== Aim of the exercise ==
Return the whole listing unchanged. Drop the images.

== Raw data ==
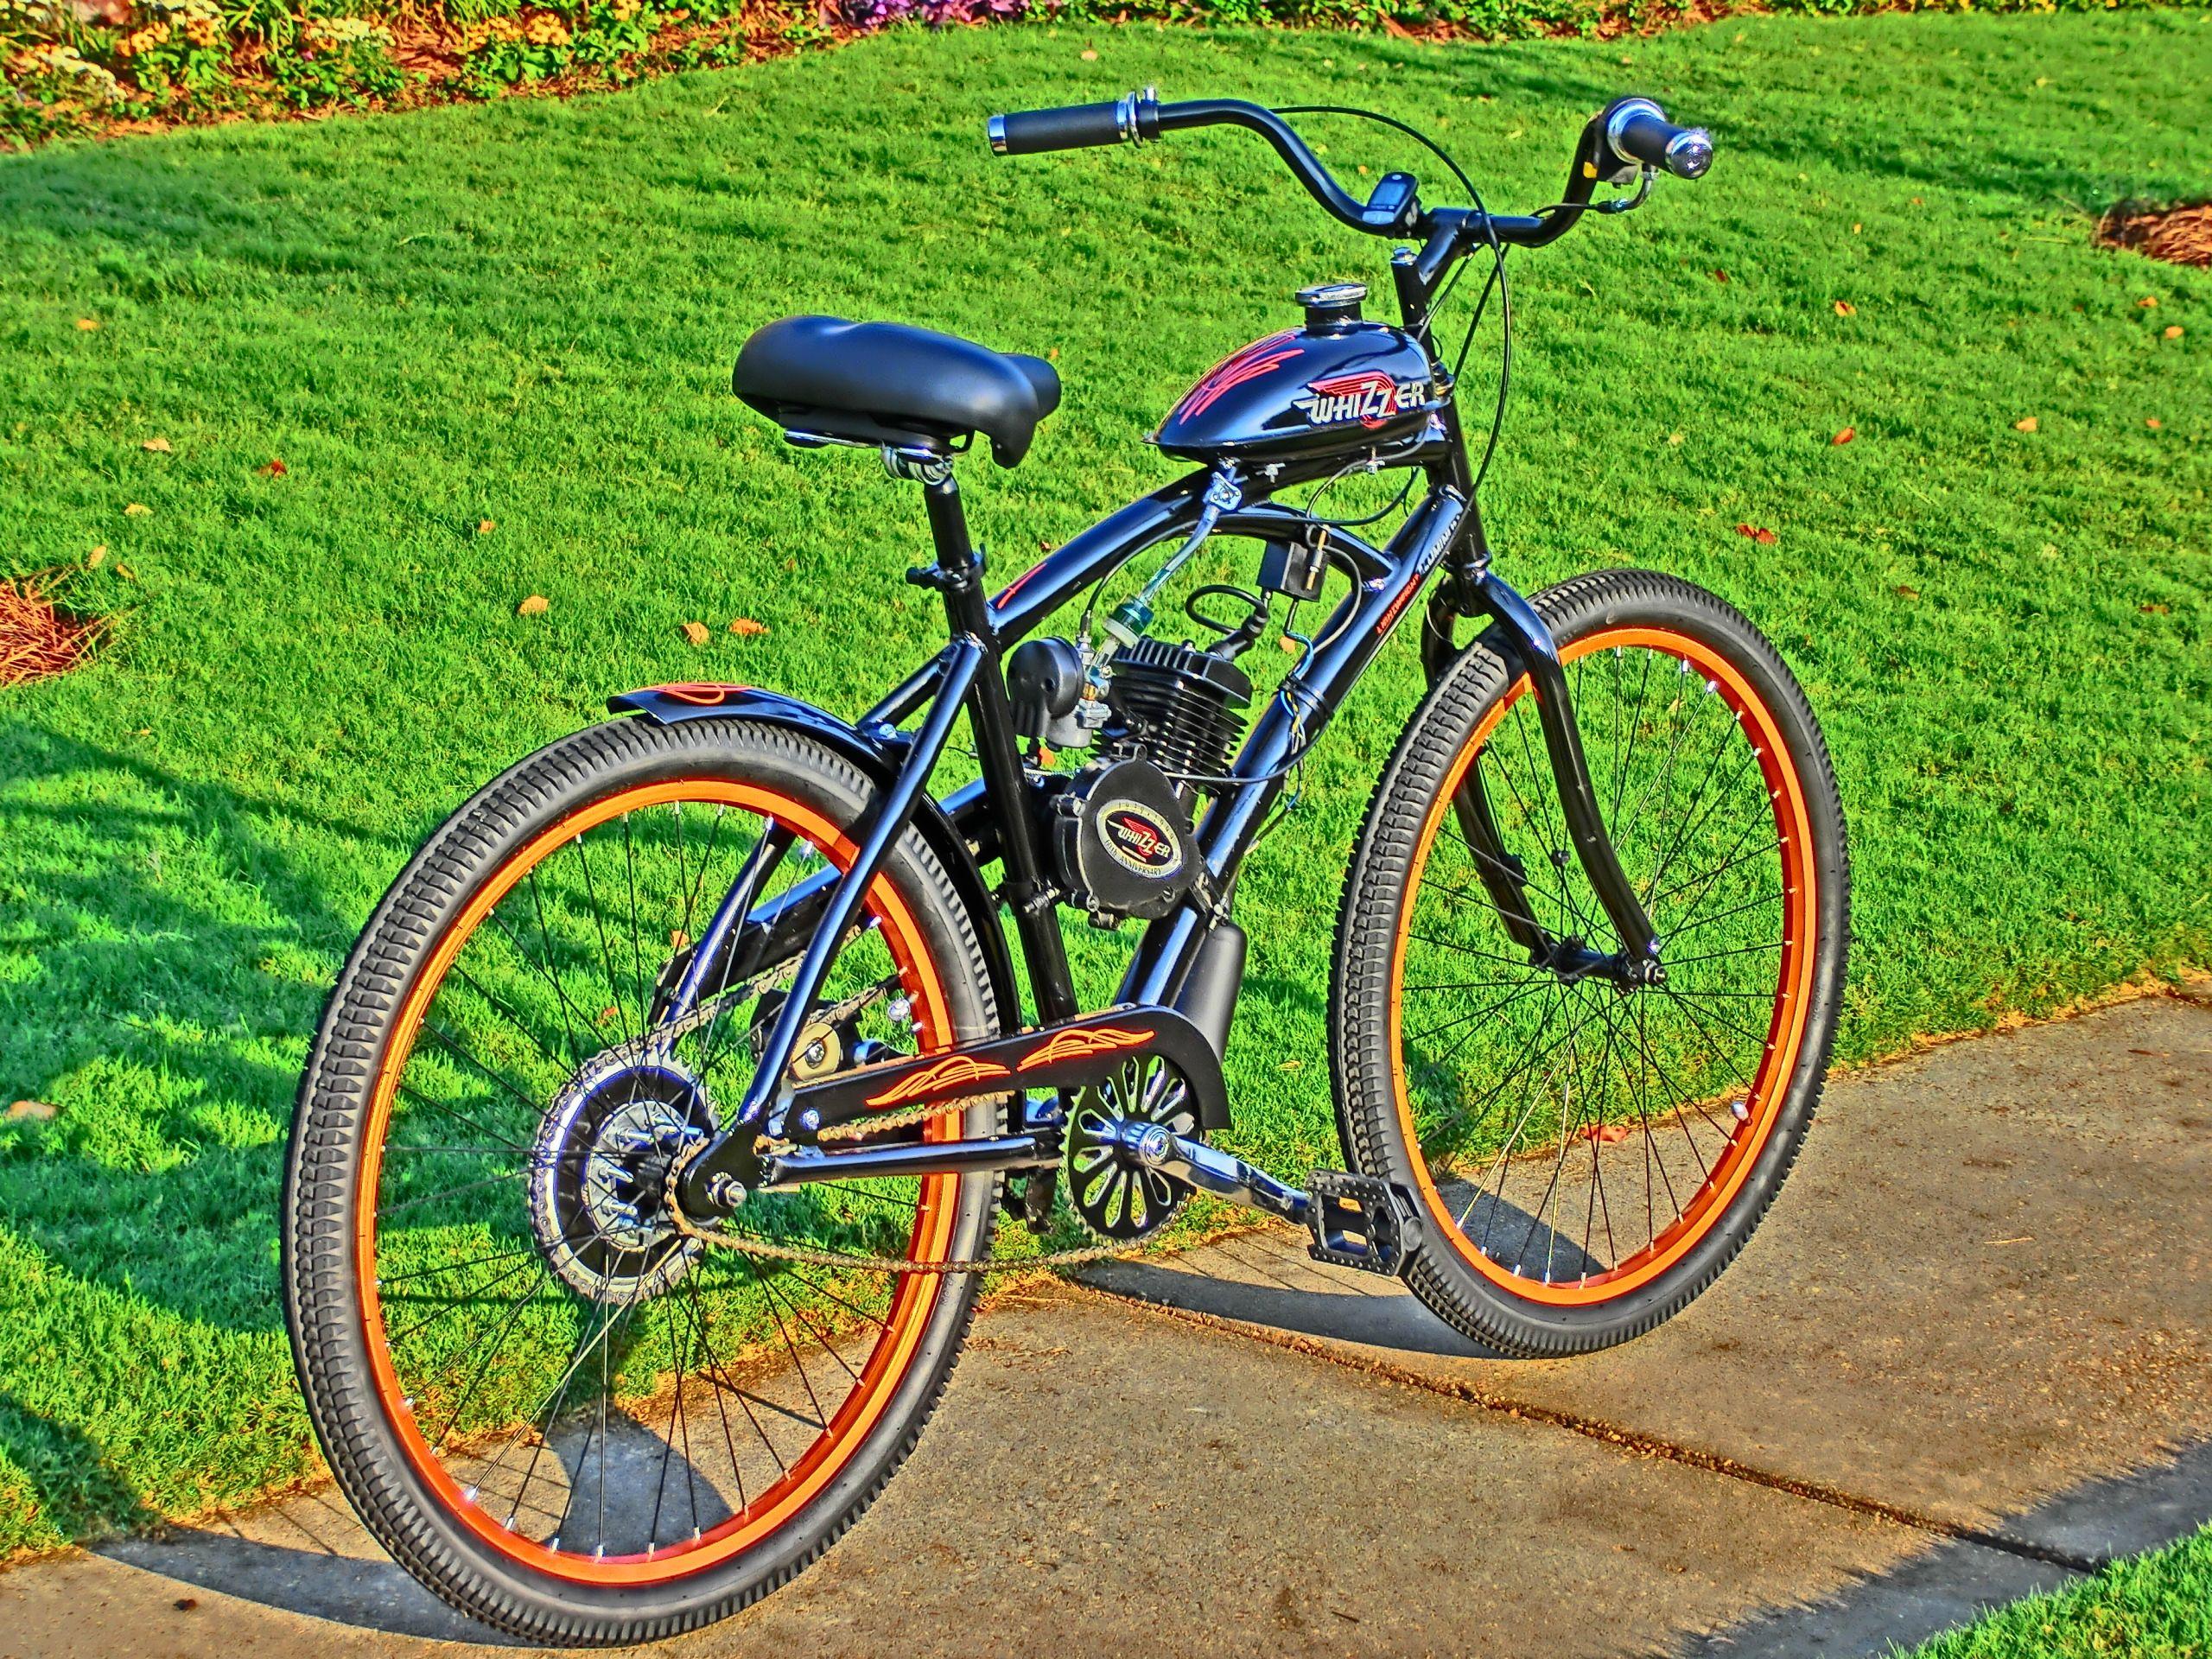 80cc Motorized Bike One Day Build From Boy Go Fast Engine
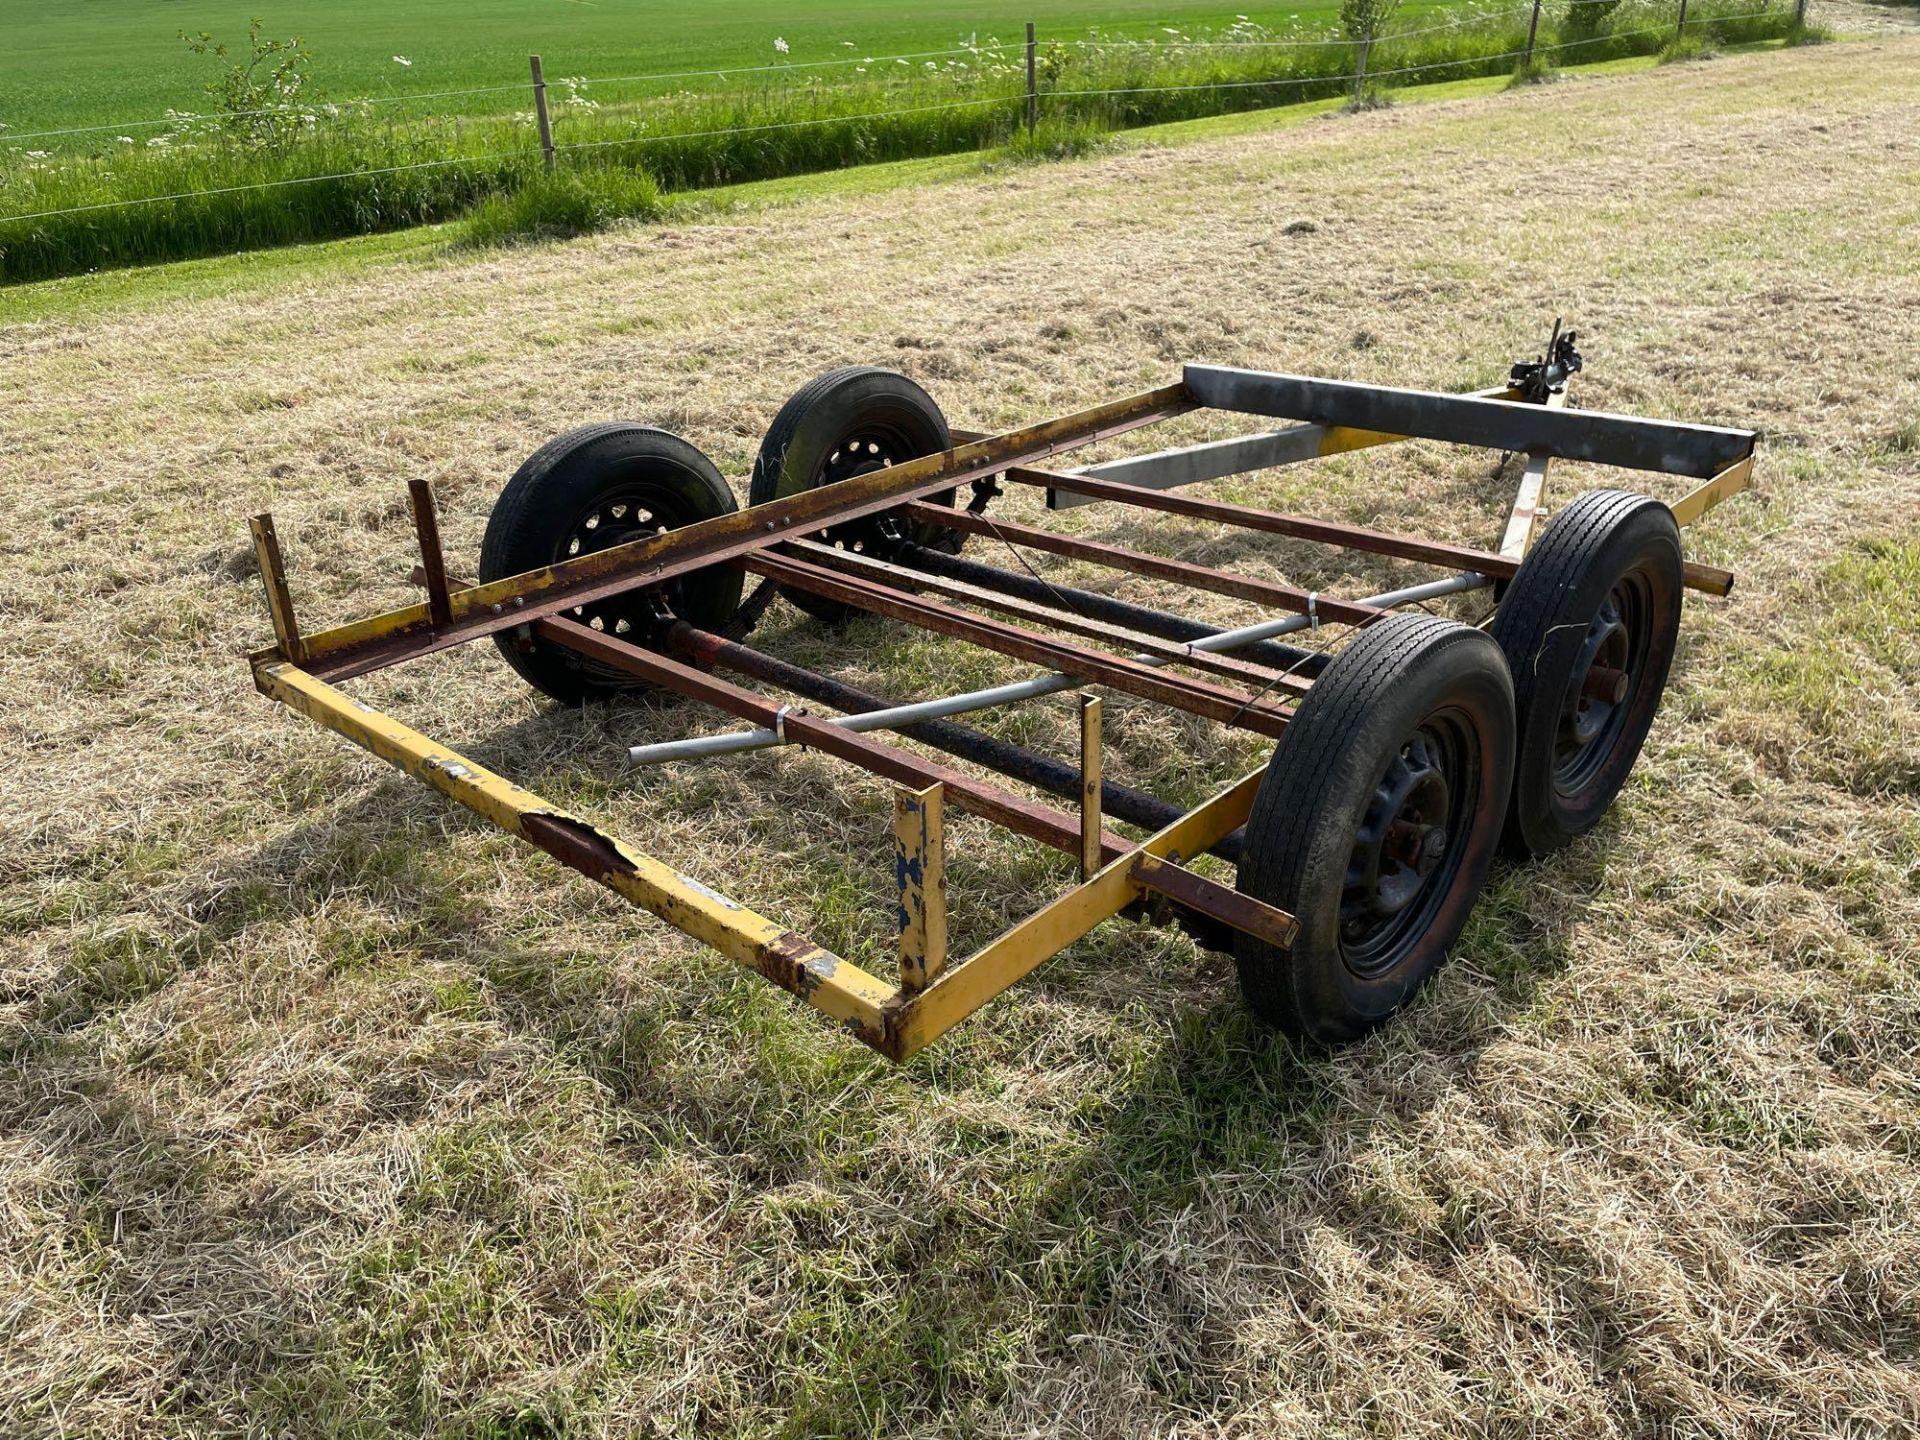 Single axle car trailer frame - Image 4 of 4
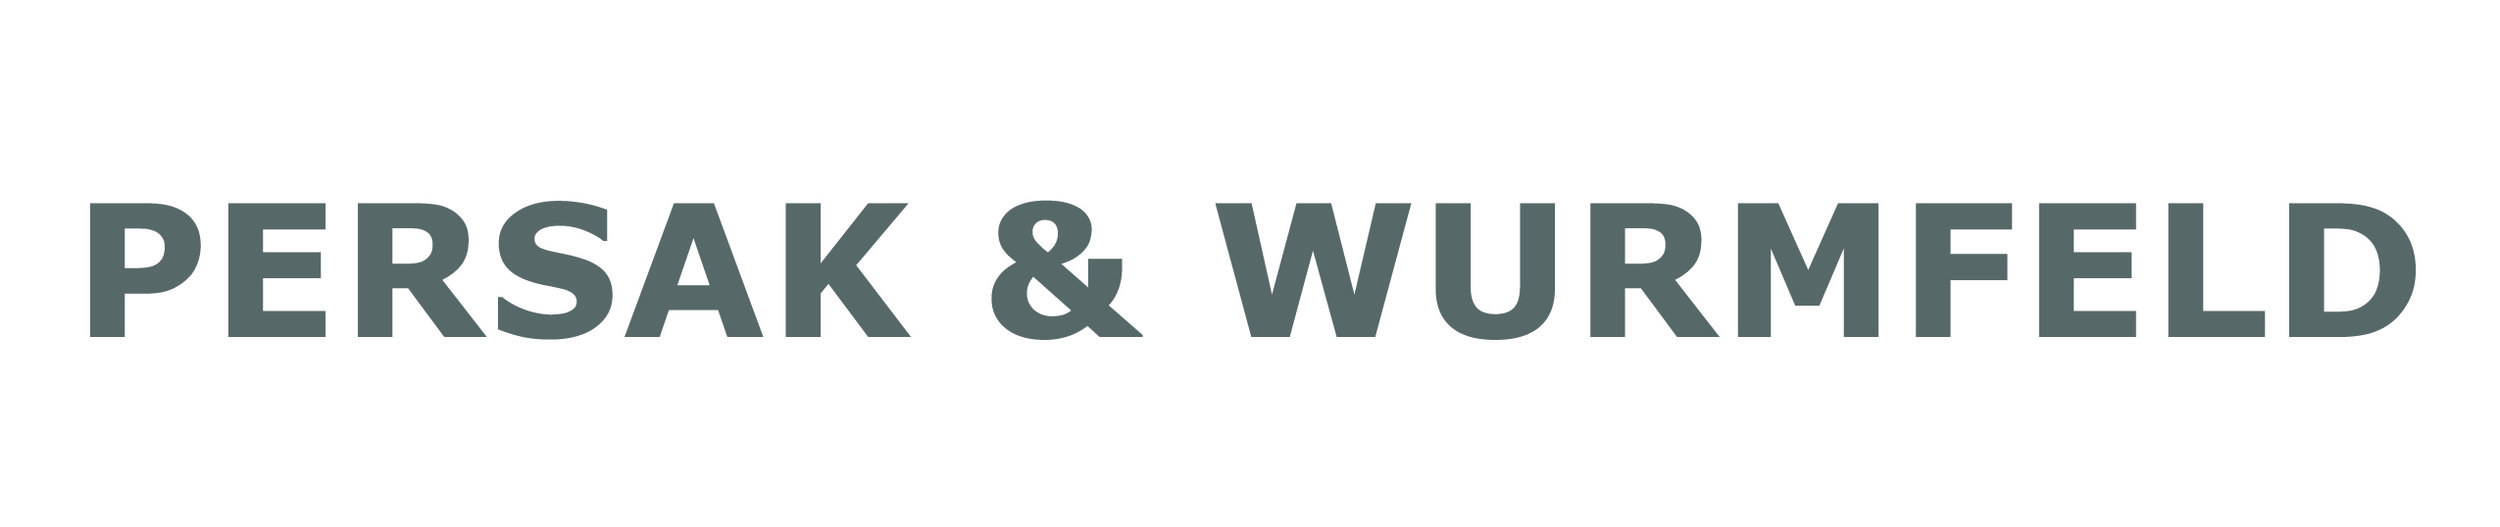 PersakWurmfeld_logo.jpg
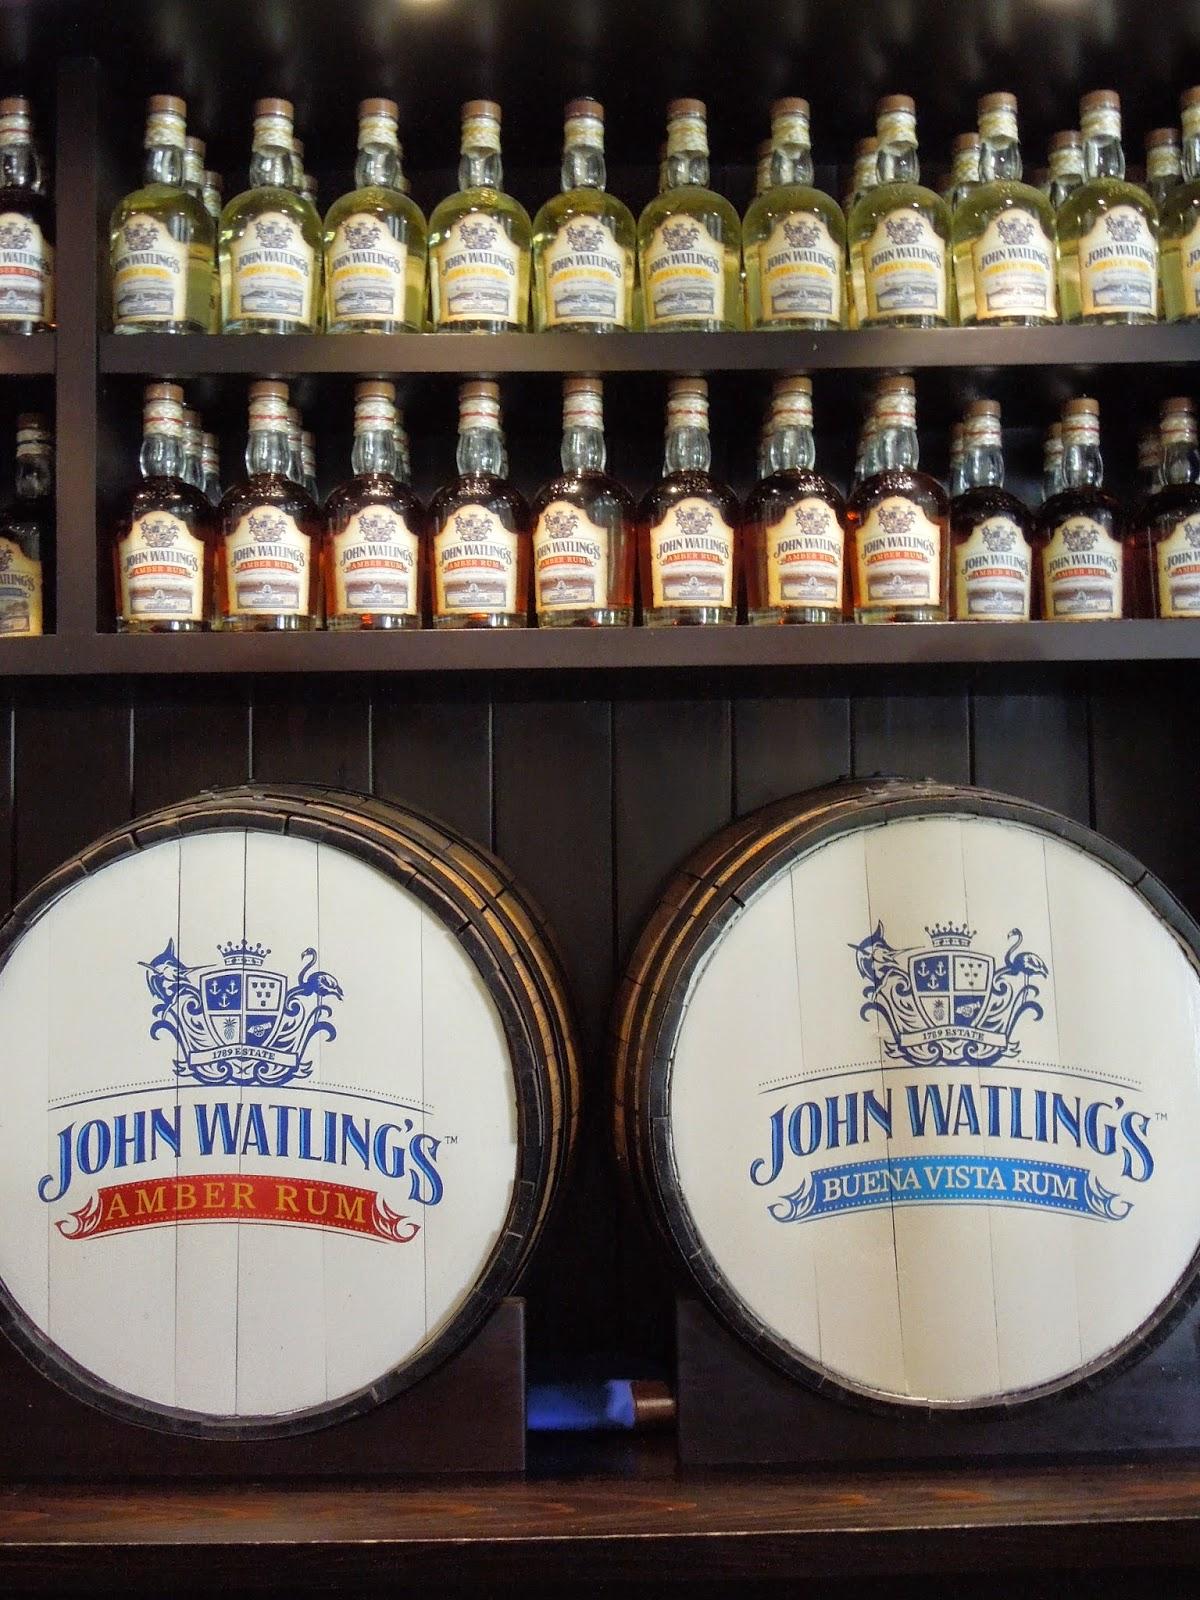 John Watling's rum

== Answer box ==
 80cc Motorized Bike One Day Build From Boy Go Fast Engine
 Single axle car trailer frame - Image 4 of 4
 PersakWurmfeld_logo.jpg
 John Watling's rum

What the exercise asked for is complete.